# Just built my engine and no oil at lifters please help!!!



## SlowGoat (Apr 29, 2011)

I own a 2006 gto and recently put new pistons rings and valve train cam and heads. I had no oil pressure. i pull the motor back out removed all plug and the oil pan. I packed the pump with a silicone grease I know that petroleum jelly is the ideal product to use I figured silicone grease would also be ok. I believe that silicone products are water soluble. I have oil pressure 55 psi!!!! I have no oil flowing to the top of my rockers and I assume that I have no oil pressure in my lifters my rockers are a little noisy no bad though i assume thats just from being oil starved not sure why i have no flow up top but I am very worried that the silicone grease that i used in the pump may be the cause of this..... can someone tell me if i am over reacting or if this silicone grease is clogging lifter passages and oil valleys in my engine?? Is this possible or again am I over reacting?

Thanks


----------



## SlowGoat (Apr 29, 2011)

If so how can I fix this??


----------



## SlowGoat (Apr 29, 2011)

*LS7 liffter*

Forgot one other thing I also am using ls7 lifters I am pretty sure that you cannot install them wrong in an ls2 since they only can possibly go 2 directions right? does it matter what side the oil galleys are on?

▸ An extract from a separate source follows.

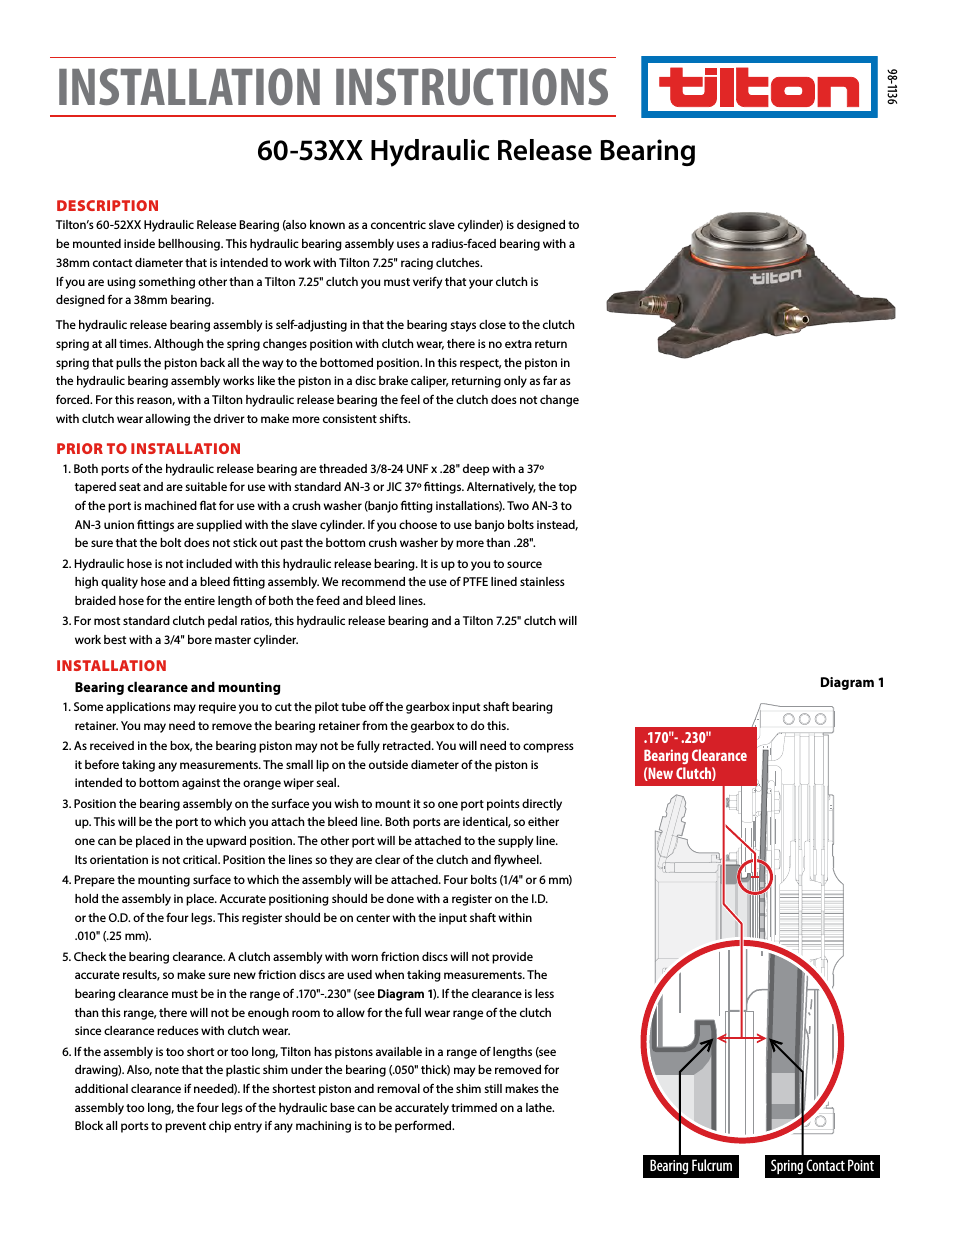 53XX Hydraulic Release Bearing (98-1136)

I was told no. I am fearing that this silicone grease is clogging everything like I said please let me know if I am over reacting.


----------



## SShep71 (Aug 22, 2008)

Why did you use silicone grease? I am betting that the grease is the problem if you have oil pressure you should have oil flow. If there is no oil flow there is a problem, How much did you turn over or run the engine since the build was finished or the problem was noticed?


----------